_Assigned task_:
Leave every picture out, then reproduce the rest of the listing exactly.

──────── Exercise data ────────

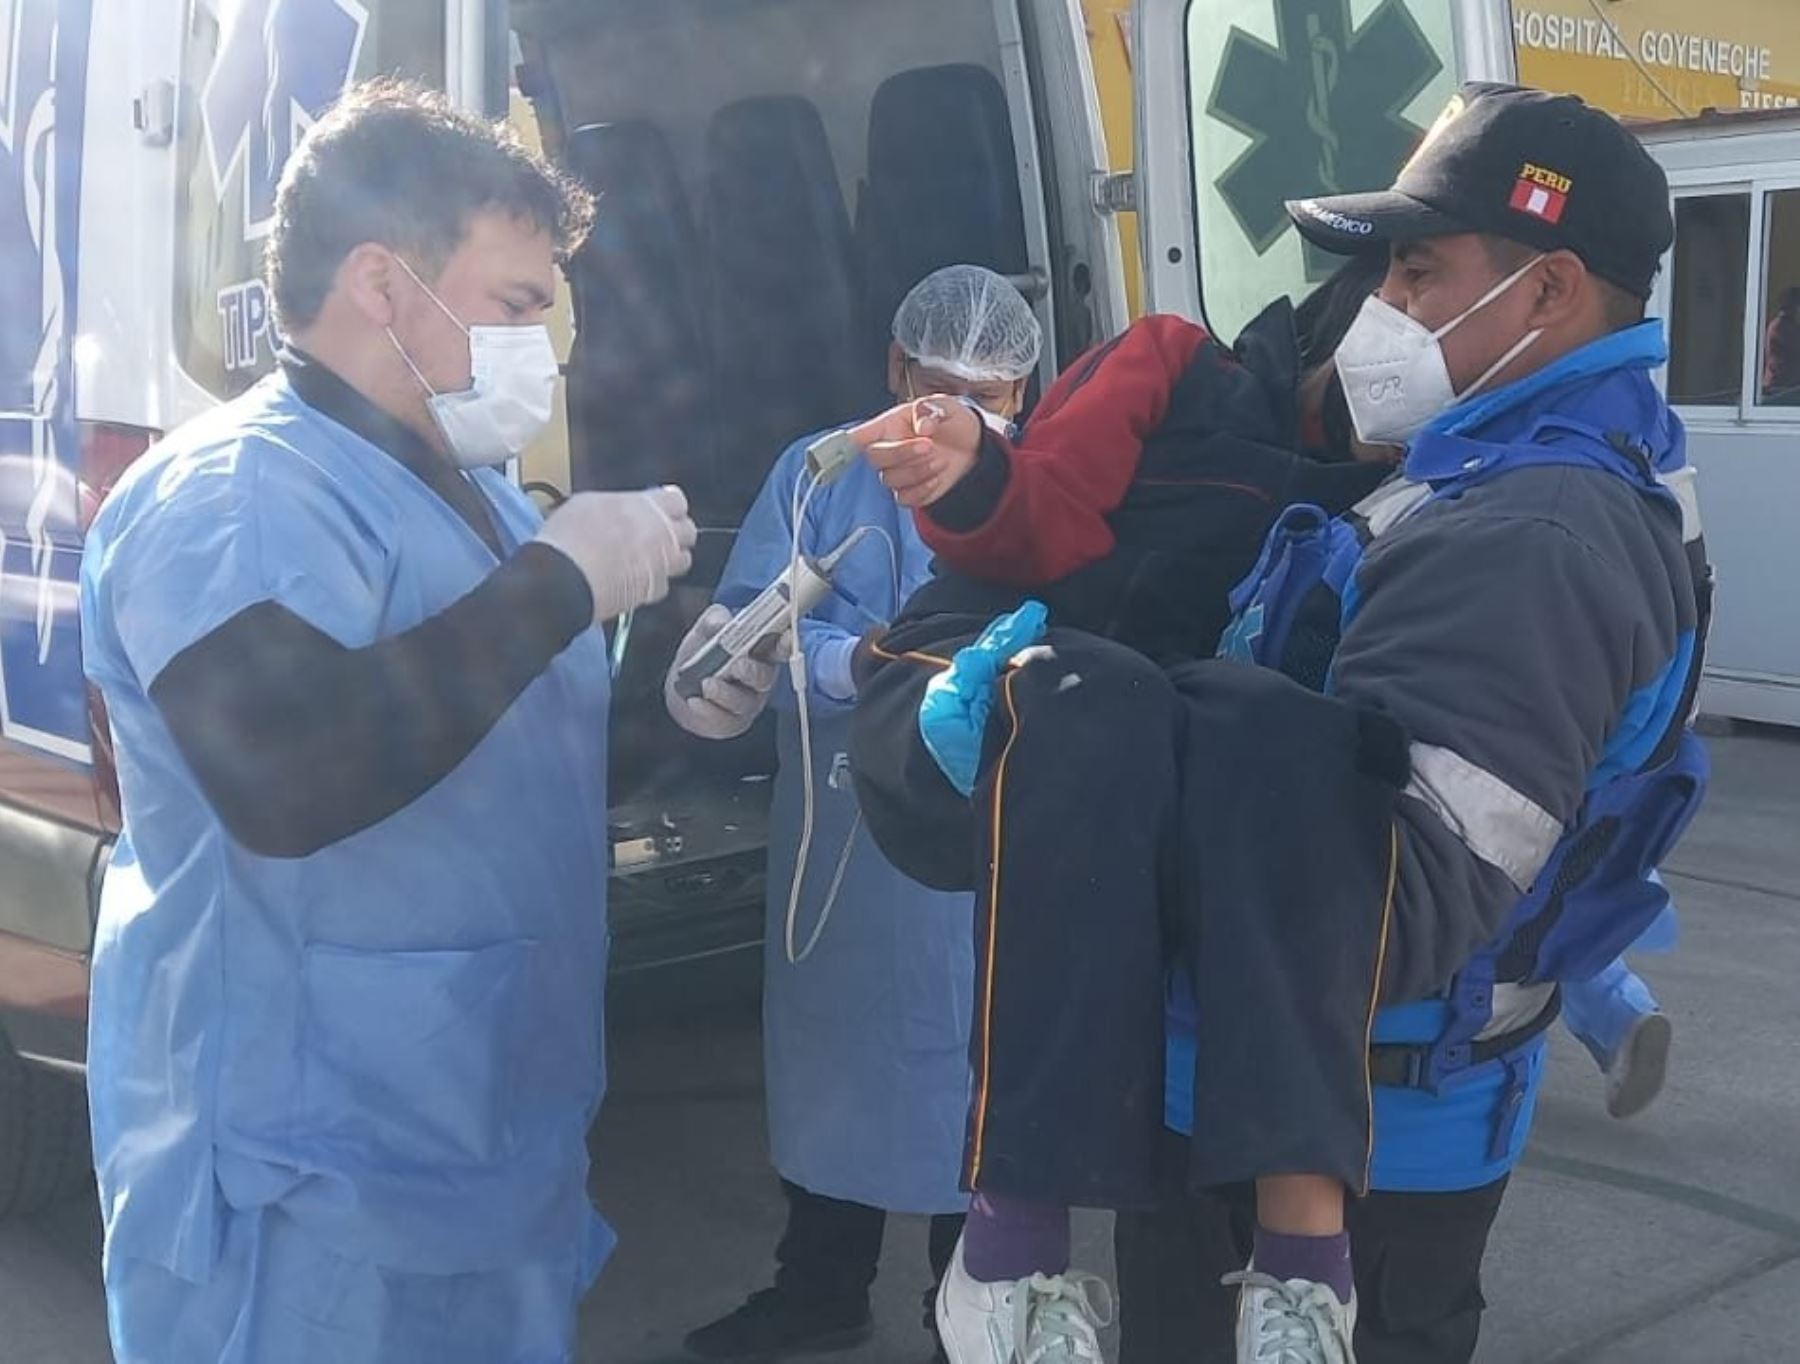 Por lo menos 30 personas resultaron heridas en Arequipa, entre ellas 17 escolares, a consecuencia del choque de una camioneta coaster contra una vivienda. El accidente ocurrió en el distrito de Miraflores.
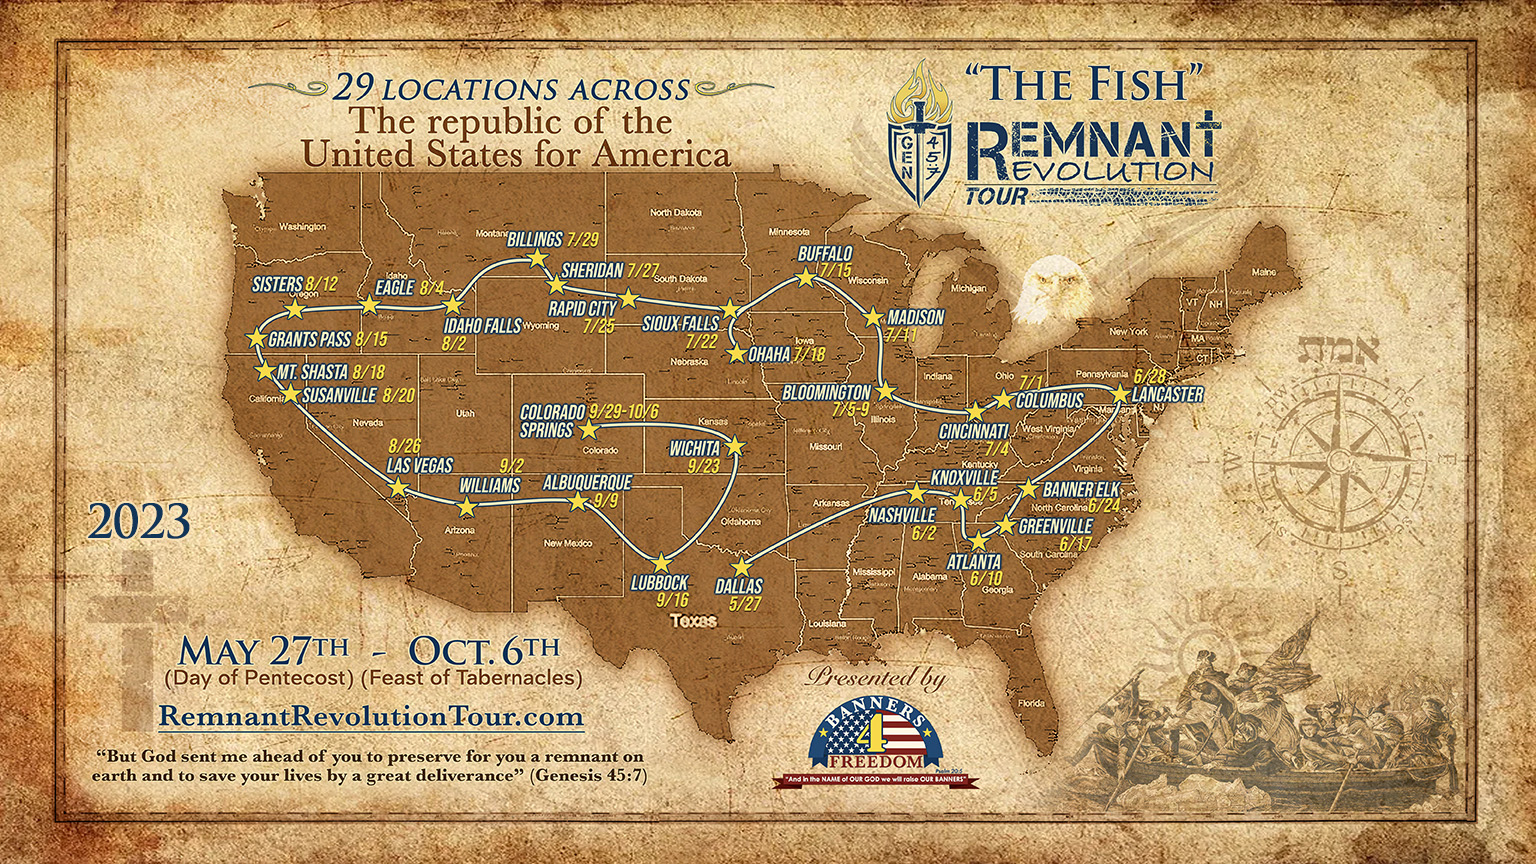 Remnant Revolution Tour Map
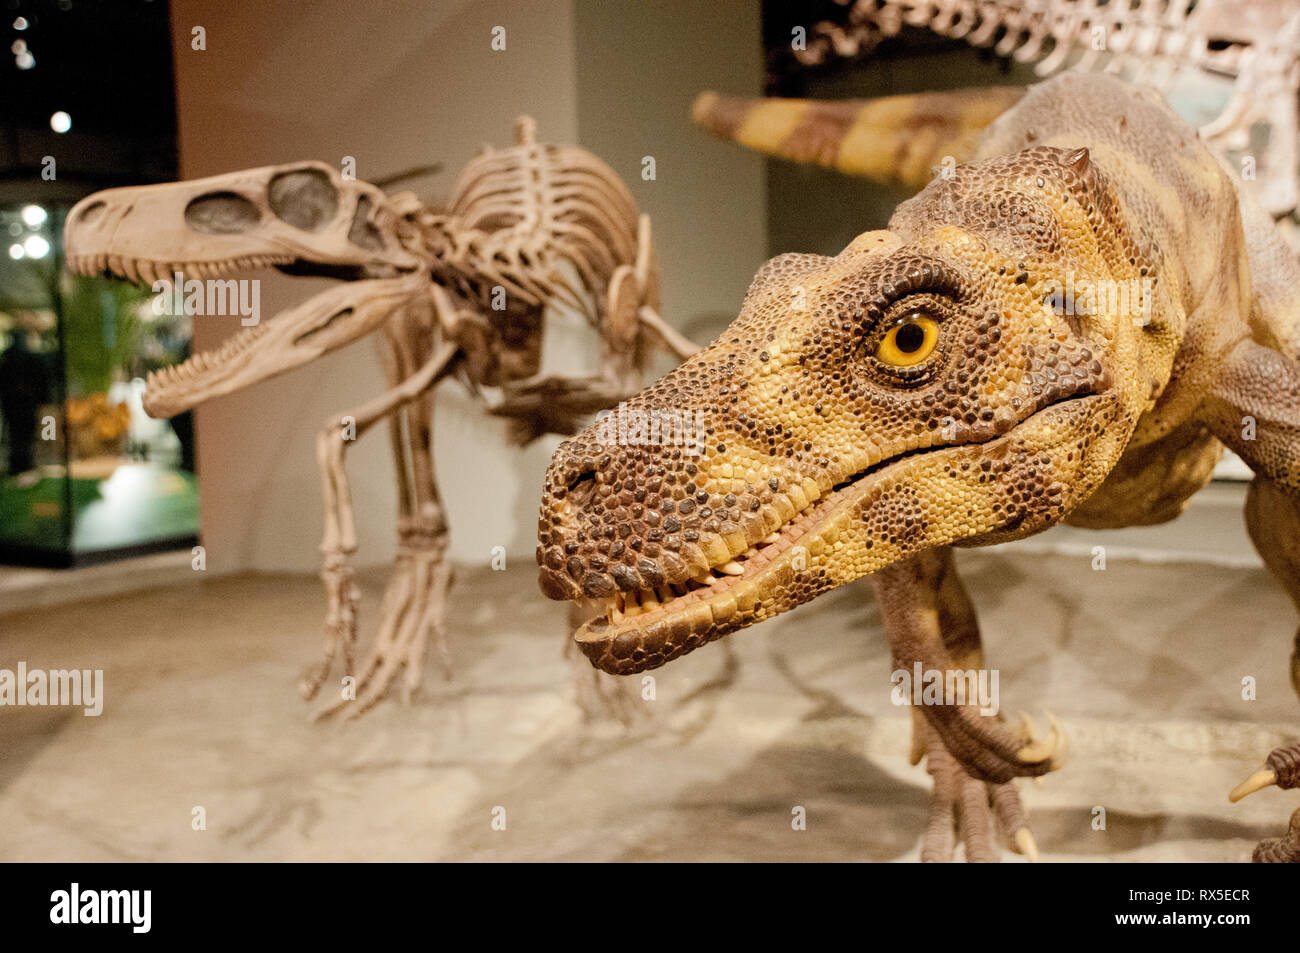 Herrerasaurus ischigualastensis hi-res stock photography and images - Alamy

────────

_Answer area_:
 Por lo menos 30 personas resultaron heridas en Arequipa, entre ellas 17 escolares, a consecuencia del choque de una camioneta coaster contra una vivienda. El accidente ocurrió en el distrito de Miraflores.
 Remnant Revolution Tour Map
 Herrerasaurus ischigualastensis hi-res stock photography and images - Alamy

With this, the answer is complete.